> [Task brief]
Using the material below, print a verbatim copy of every line from the one containing "Buy U.S. Polo" through the one containing "Vitapol B Vitamini", inclusive, and omit the pictures.

> [Data supplied]
........
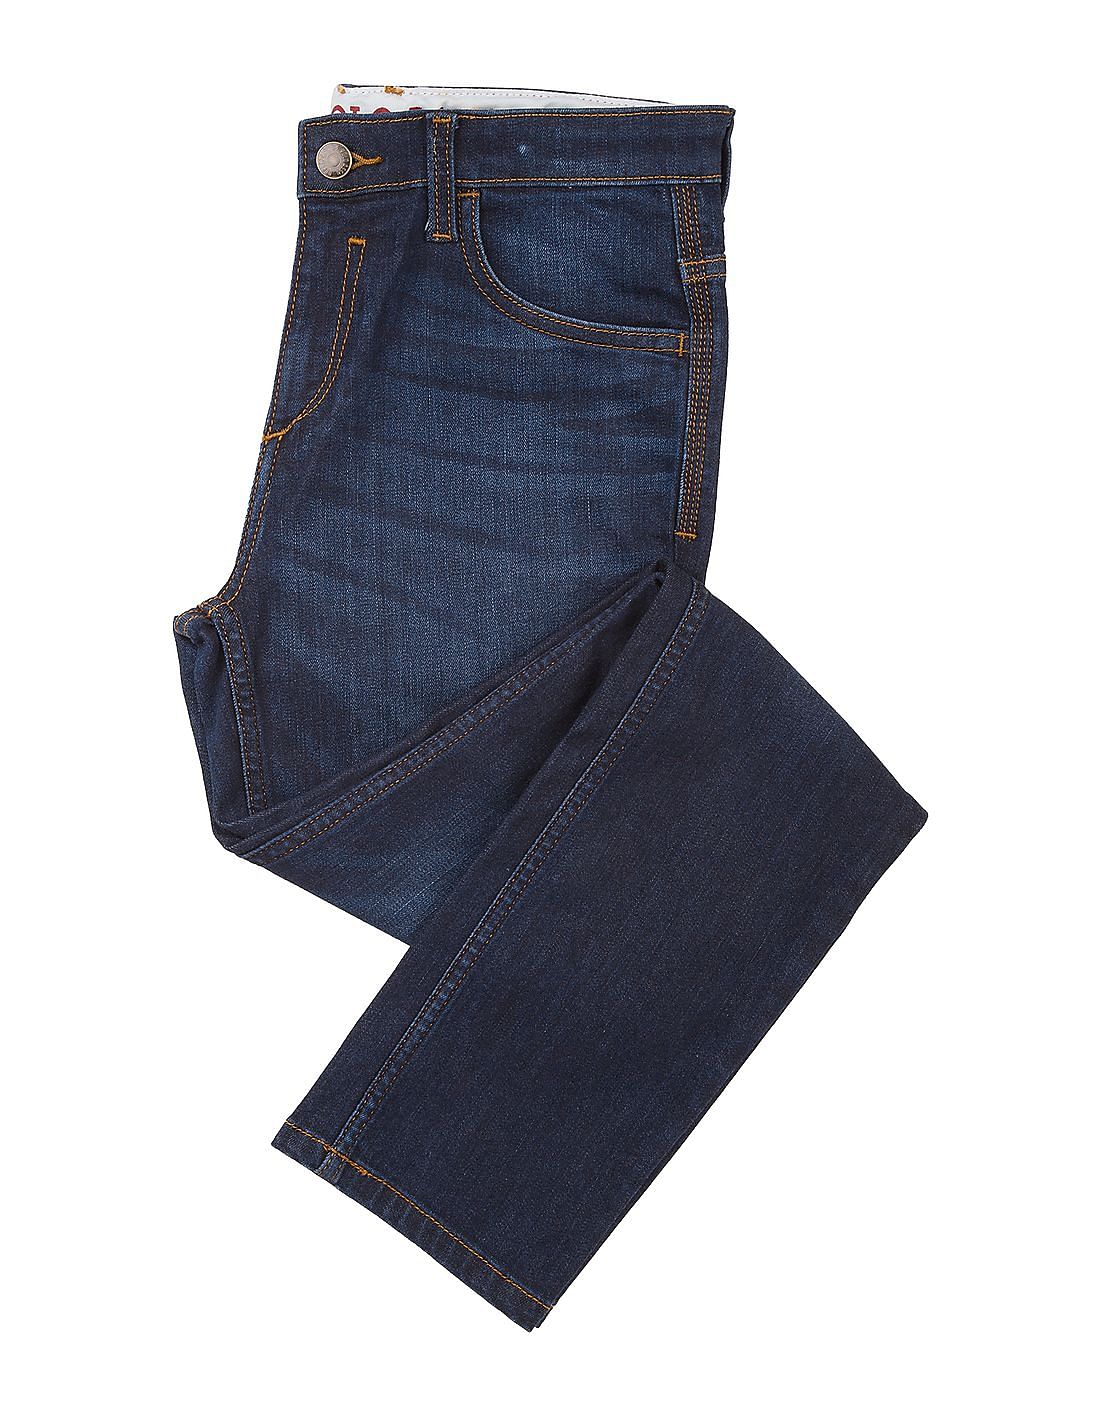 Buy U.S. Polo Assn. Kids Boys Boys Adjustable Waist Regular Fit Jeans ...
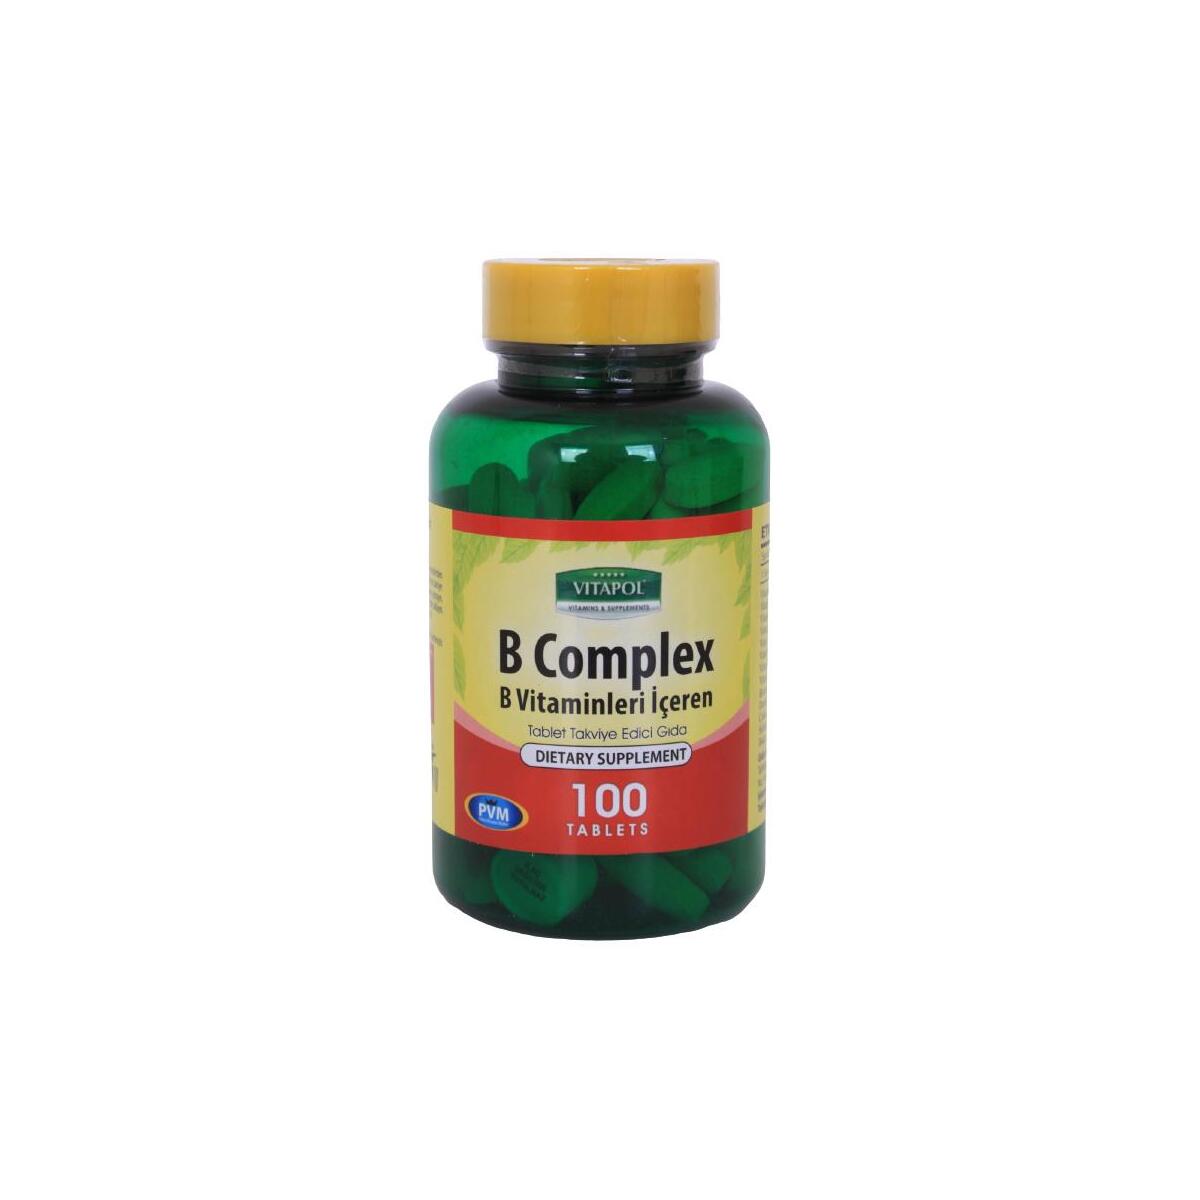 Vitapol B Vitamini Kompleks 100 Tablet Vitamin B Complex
........
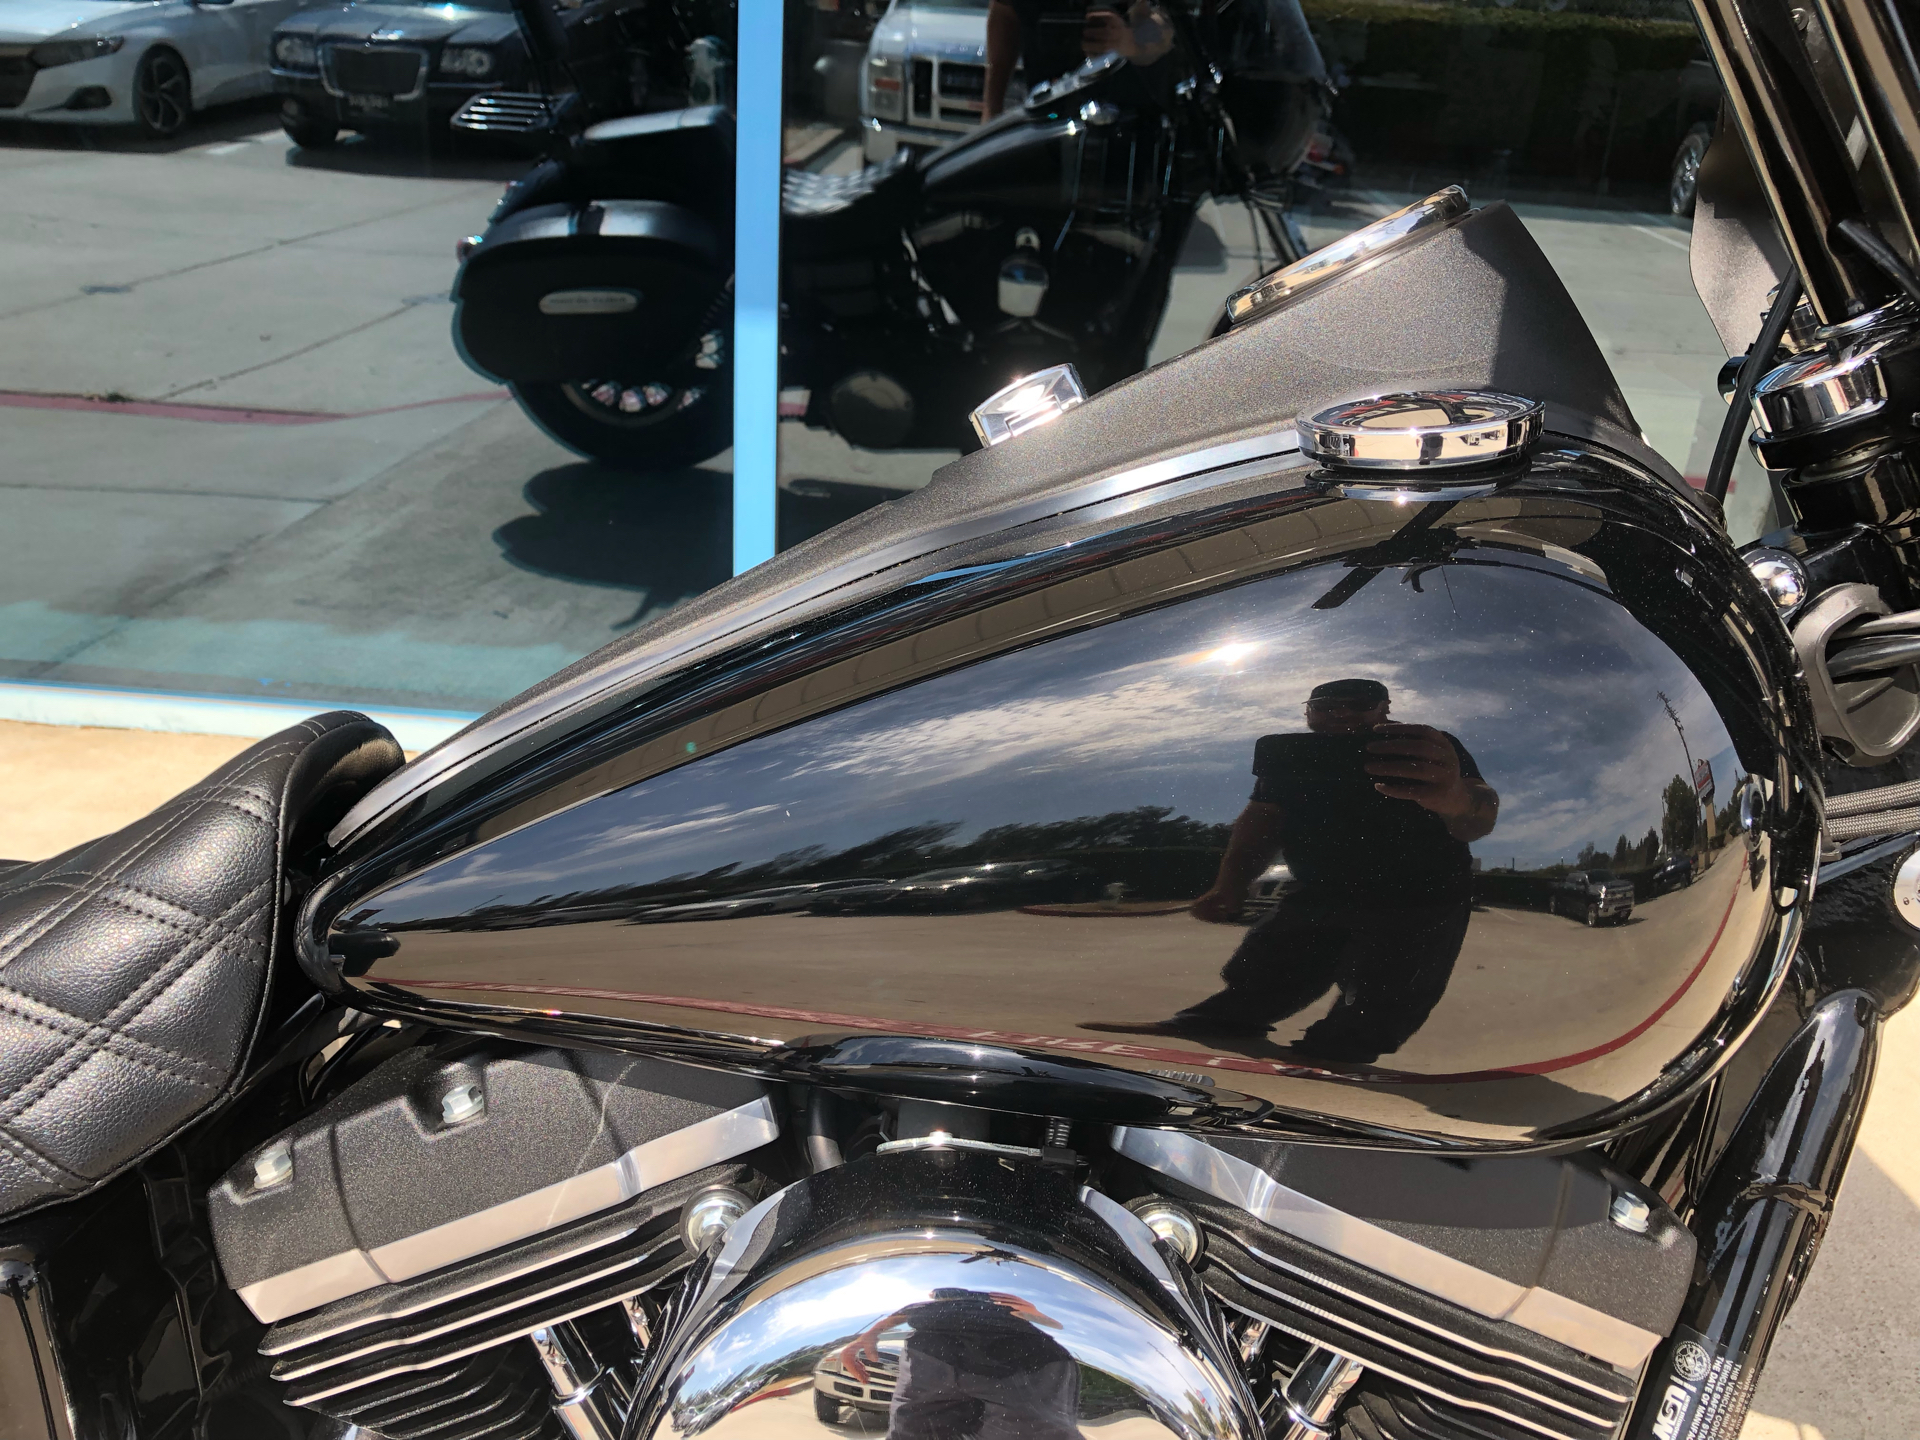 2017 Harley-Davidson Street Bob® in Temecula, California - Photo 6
........
> [Written response]
 Buy U.S. Polo Assn. Kids Boys Boys Adjustable Waist Regular Fit Jeans ...
 Vitapol B Vitamini Kompleks 100 Tablet Vitamin B Complex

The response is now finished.